Beneath this line sits some data. Return only its lines from the one holding "BATTERY - Ανδρικό" through the one holding "Straight Outta California Ceramic Gift Mug", inclusive, exactly, with the images removed.

START Information

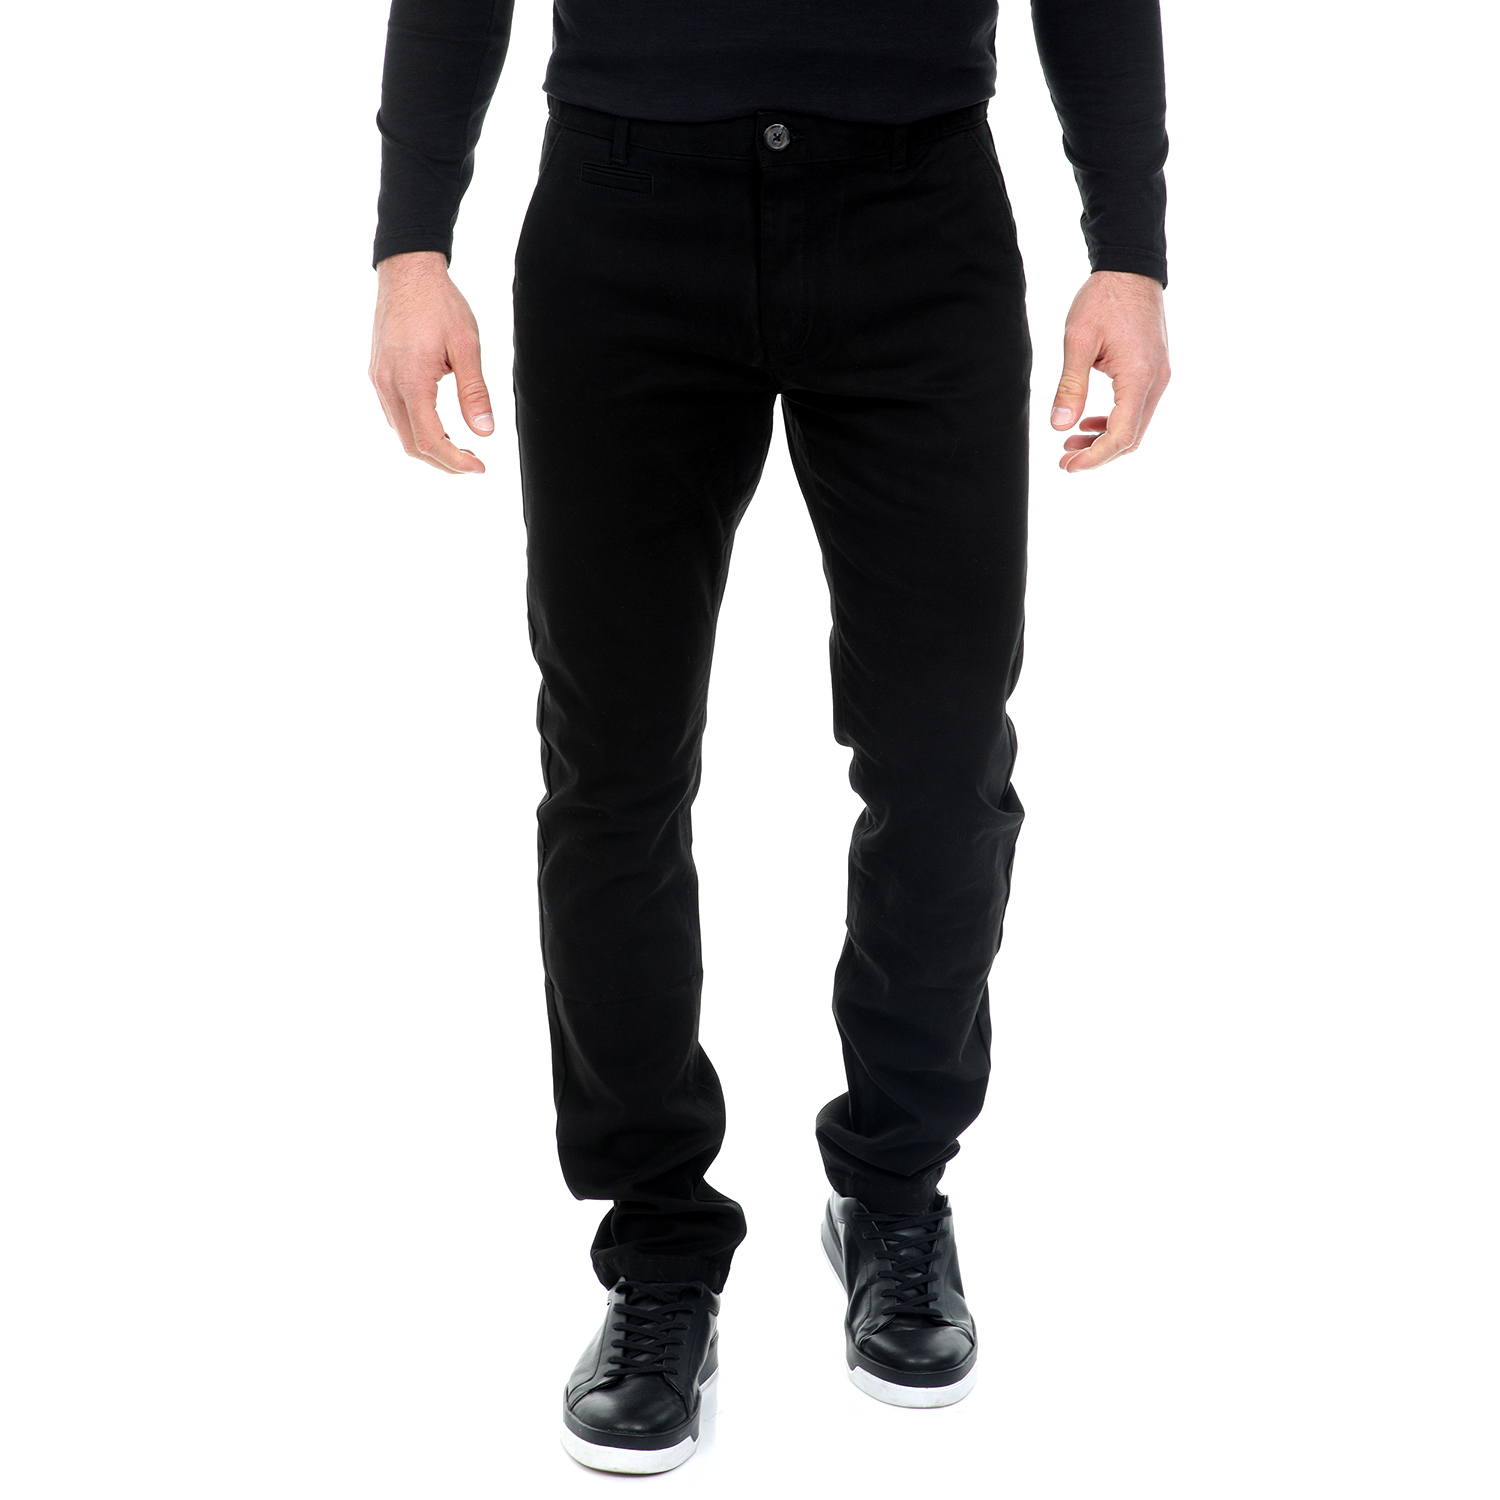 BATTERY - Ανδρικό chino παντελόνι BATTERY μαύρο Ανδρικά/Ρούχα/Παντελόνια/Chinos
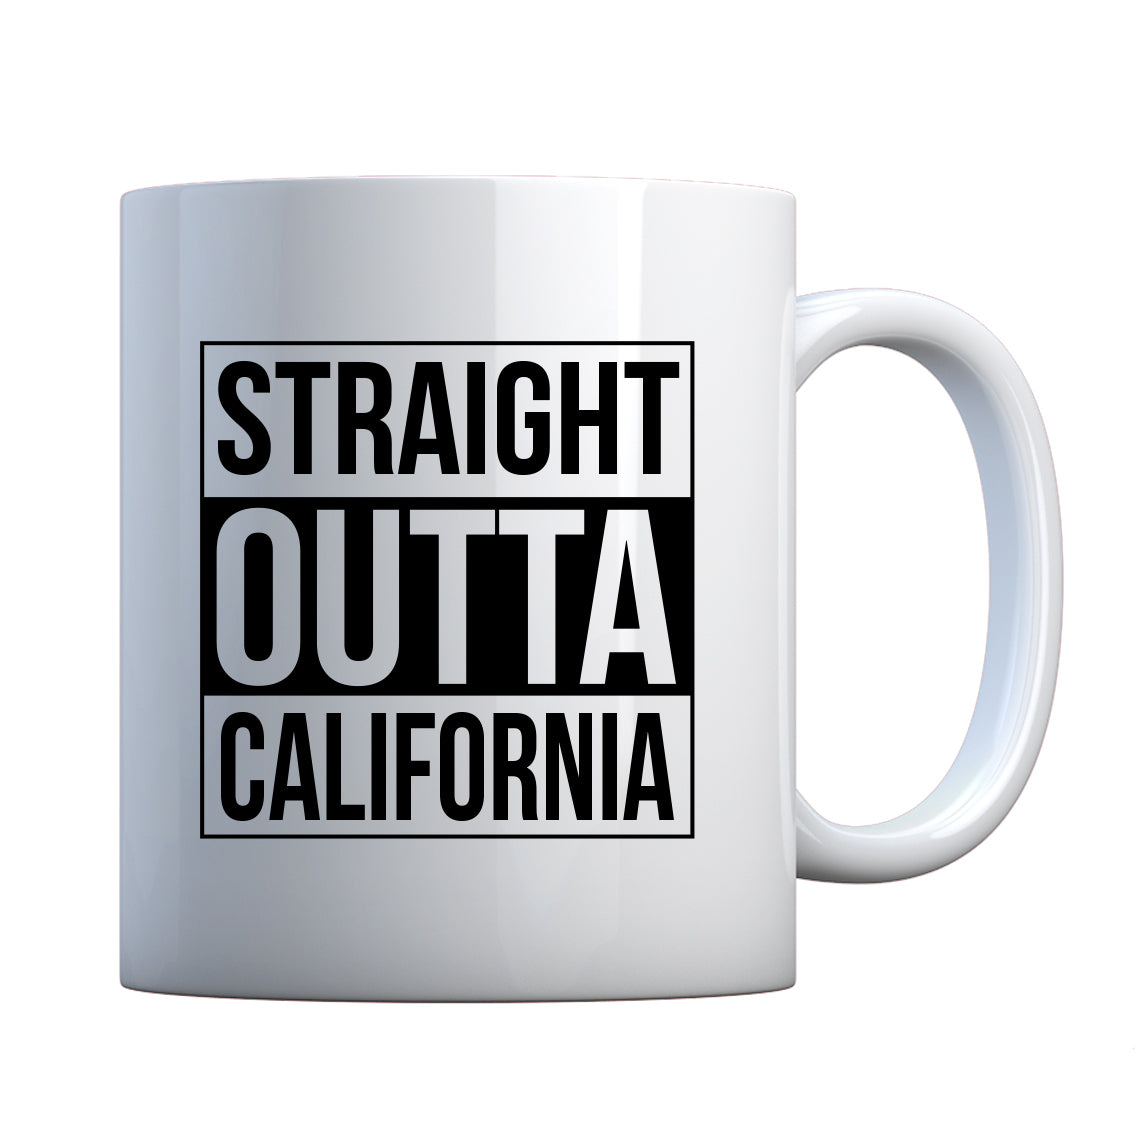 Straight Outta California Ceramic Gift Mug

END Information
START Information

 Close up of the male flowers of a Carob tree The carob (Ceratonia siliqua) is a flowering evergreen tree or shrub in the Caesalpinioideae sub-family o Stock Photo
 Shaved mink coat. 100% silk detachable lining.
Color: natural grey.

END Information
START Information

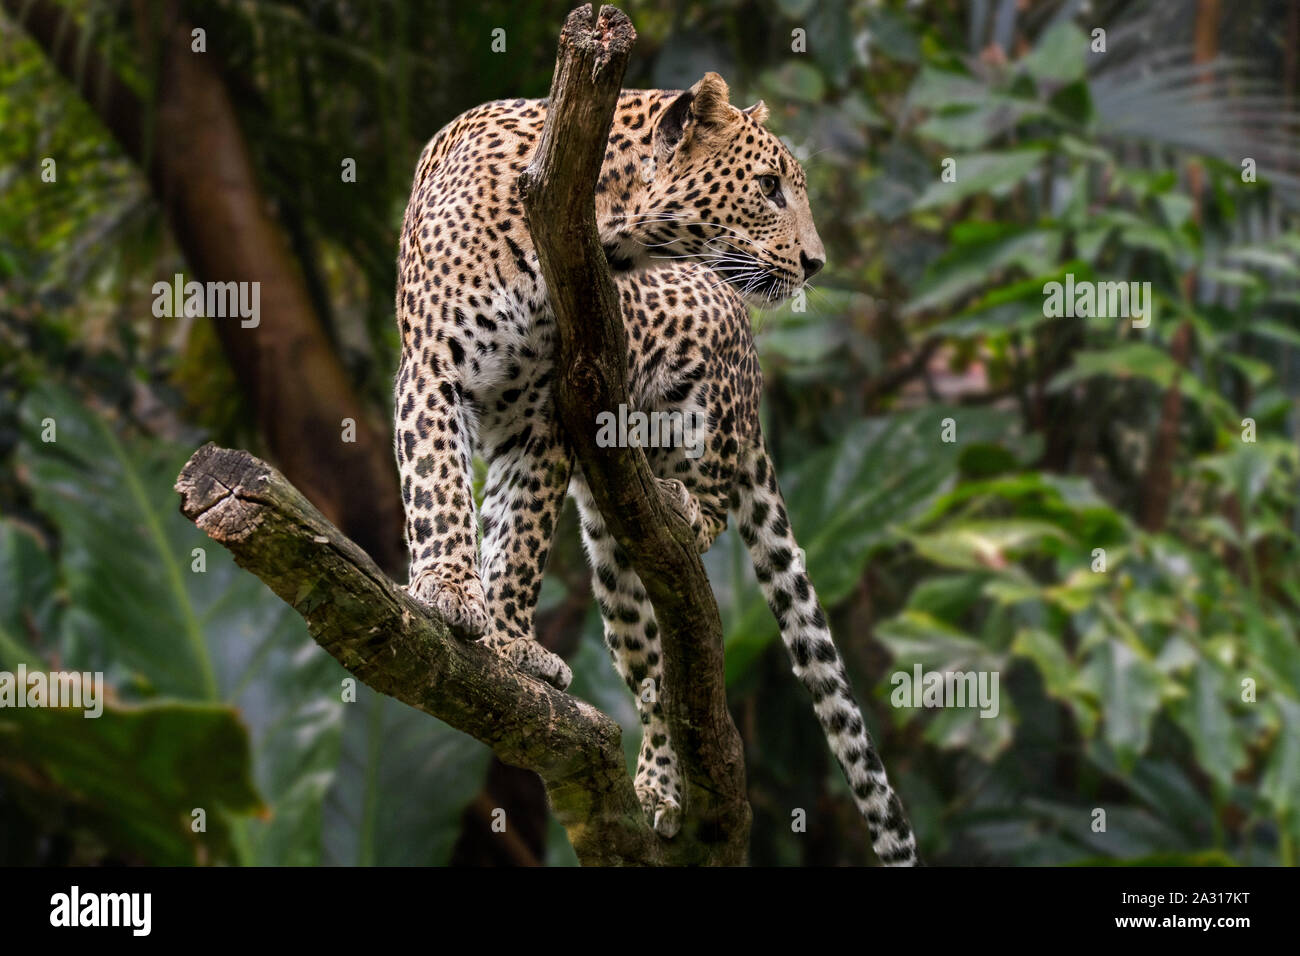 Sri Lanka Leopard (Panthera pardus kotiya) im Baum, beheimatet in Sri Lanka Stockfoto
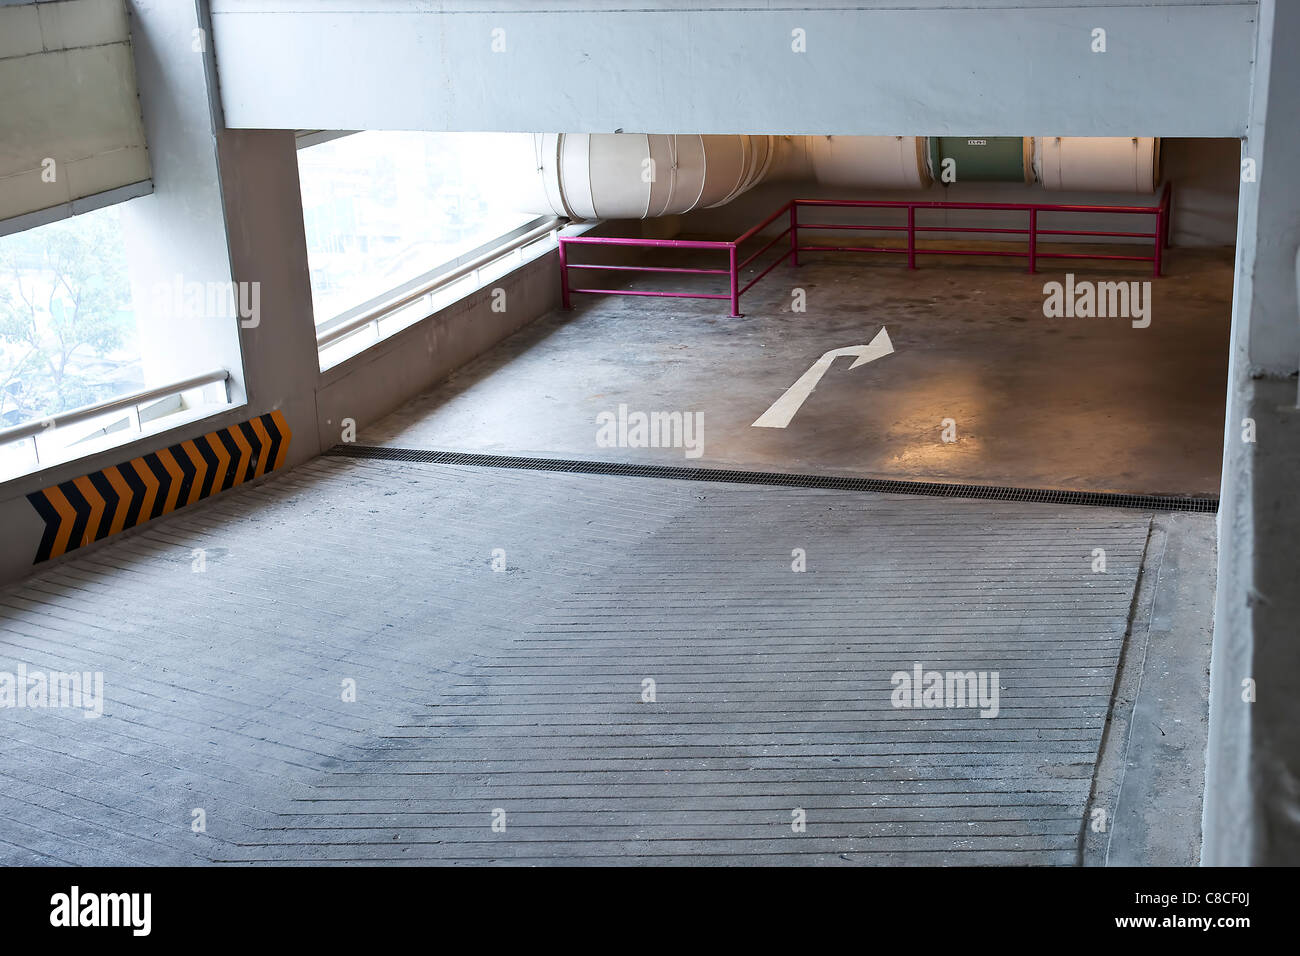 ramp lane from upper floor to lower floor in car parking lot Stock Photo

END Information

» **Result**:
 BATTERY - Ανδρικό chino παντελόνι BATTERY μαύρο Ανδρικά/Ρούχα/Παντελόνια/Chinos
 Straight Outta California Ceramic Gift Mug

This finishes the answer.